The three themes in Visa's plans are improving security, speeding the acceptance of mobile payments and accelerating changes in the U.S. infrastructure to enable EMV technology.Security is improved because dynamic authentication can reduce card fraud, at least at the POS. Without going into a lot of detail, dynamic authentication means the payment device (i.e., a chip card or smartphone with NFC) generates a unique field for each transaction. Therefore, compromised card data will have much less value, at least in a POS environment.

Dynamic authentication is not possible with a (static) magnetic stripe, hence the push to move to chip cards and NFC-enabled devices like smartphones. What Visa is doing is providing an incentive for U.S. card merchants to implement the POS infrastructure that will enable dynamic authentication and, thereby, enable mobile commerce while reducing POS fraud.

Mobile payments will at least be positioned to take off if there are more merchant devices capable of accepting transactions initiated by them.

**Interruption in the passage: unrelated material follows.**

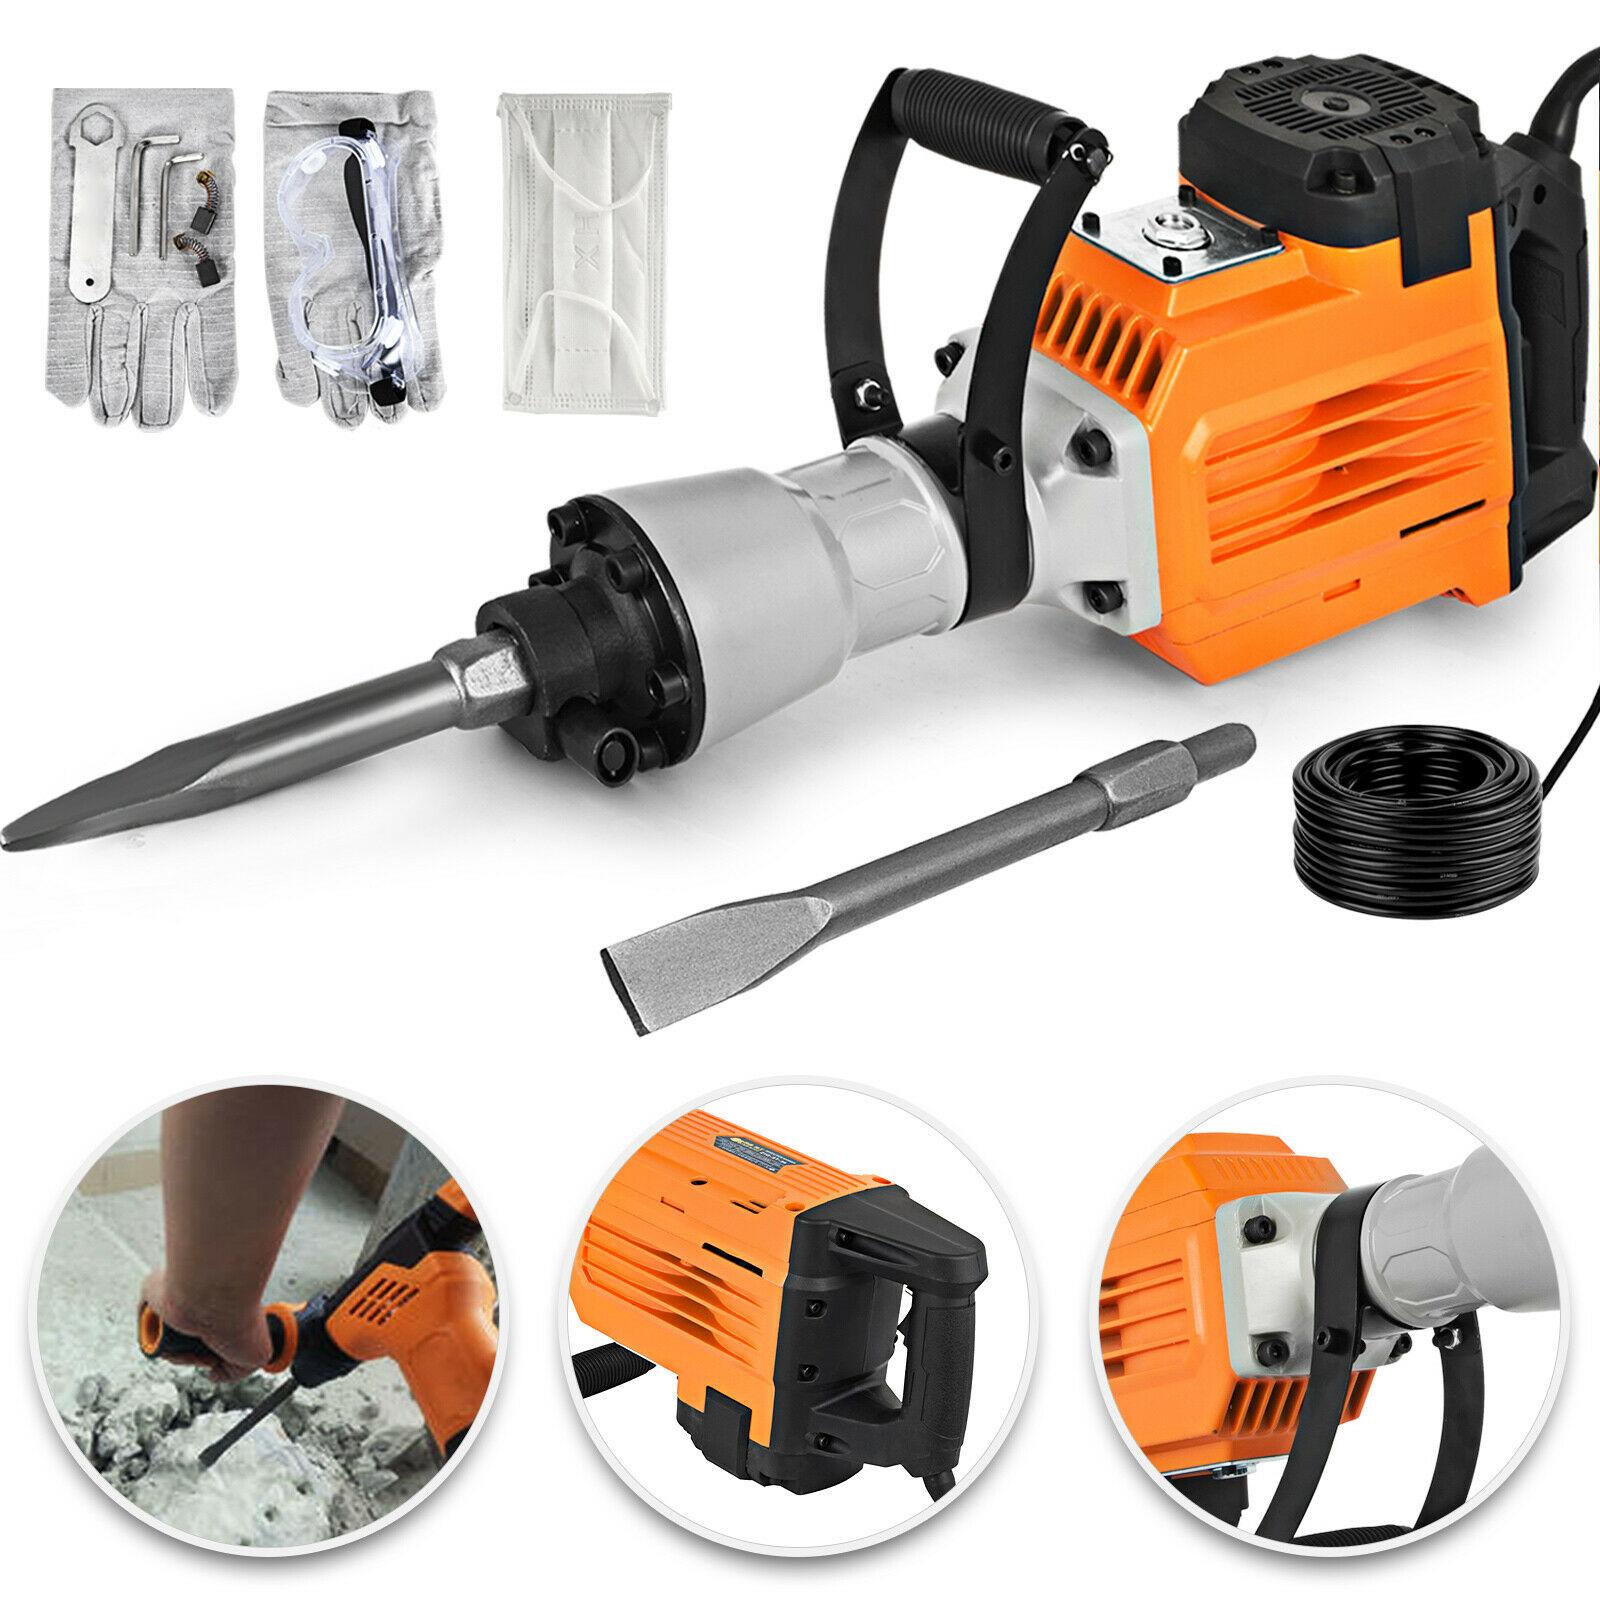 VEVOR 3600W Electric Demolition Hammer Heavy Duty Concrete Breaker 1800 RPM Chipping Jack Hammer Drills with Chisels Jackhammer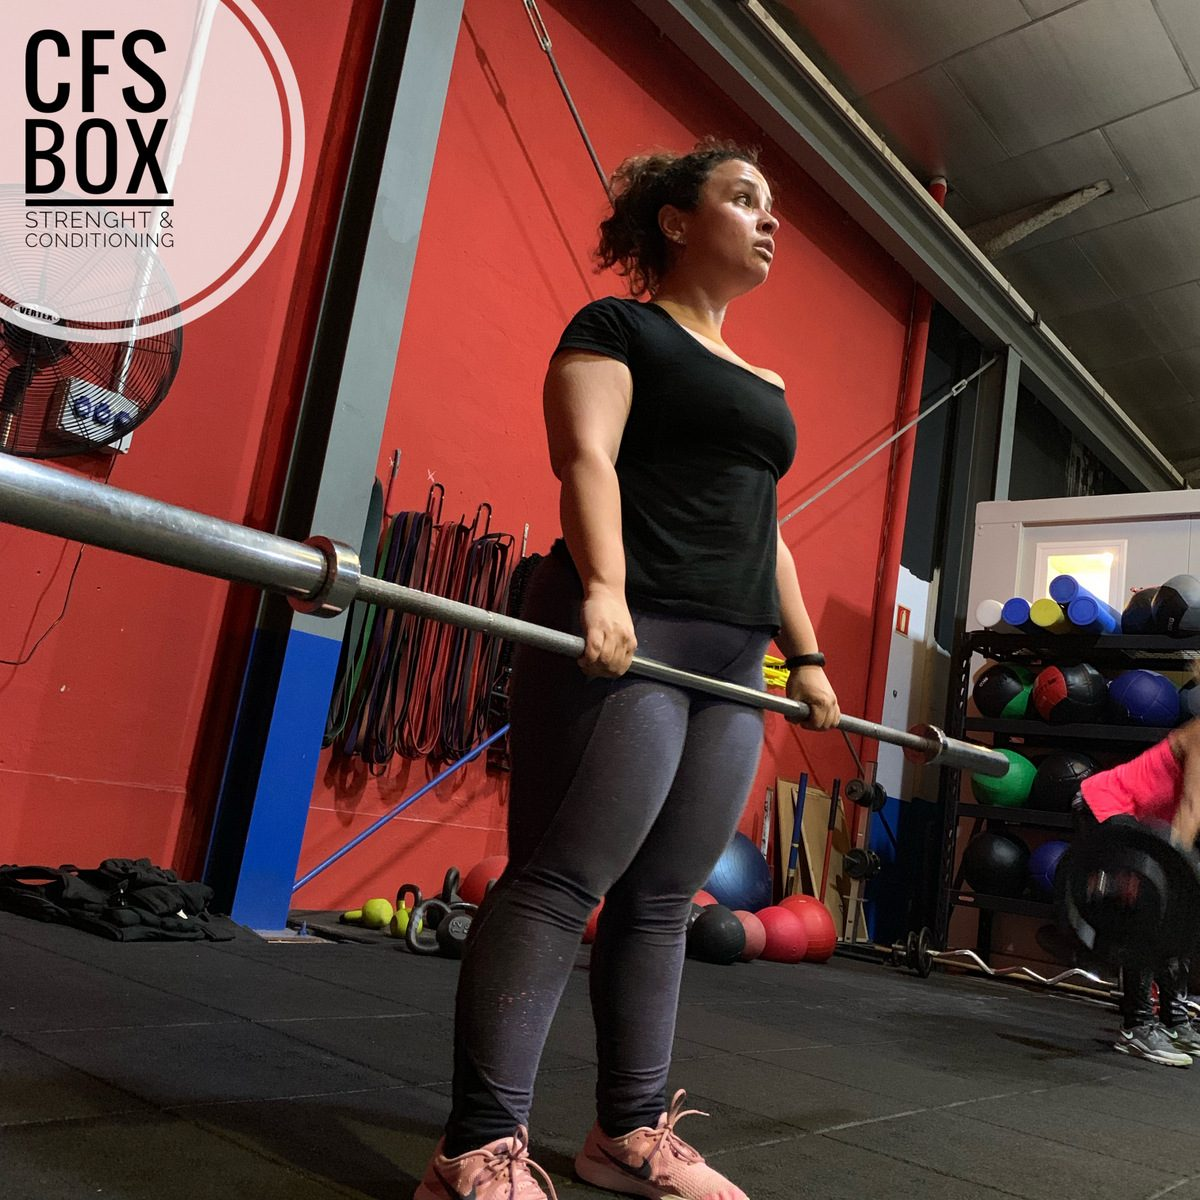 Wod CFS Box CrossFit Sevilla training lions leonas

Lastly, EMV technology will be positioned to take off in the U.S. market with the deployment of more POS devices, together with the accompanying back-office enhancements.

As with any announcement, there are lots of unknowns and a few unanswered questions. The biggest question is: Will the other card brands go along with Visa? Visa may be the largest issuer, but it is not the only one. The value of TIP participation goes down pretty fast if merchants still need to pay for PCI assessments to satisfy the other card brands' security programs. Another pretty significant question is whether the TIP incentives will be attractive to any but the very largest merchants. Where incentive interchange rates benefit every merchant that qualifies, TIP only seems to benefit the largest merchants.

Speaking as a cardholder who travels to Europe and other parts of the world where my mag-stripe card is viewed with a combination of disdain and pity, where I can't use a kiosk to buy a train ticket or rent a bicycle and where I have to ask waiters to swipe my card yet again, I hope Visa succeeds. It is time to move on and stop trying to retrofit a half-century-old technology like the mag stripe to today's E-Commerce, mobile commerce and security requirements.

EMV is far from perfect, and it is not a silver bullet for PCI. Maybe Visa's leadership combined with incentives and a liability shift will get the U.S. market to move to EMV cards (at least by 2015, anyway). If it does, I can support that, even if it does mean I have to start polishing my resume.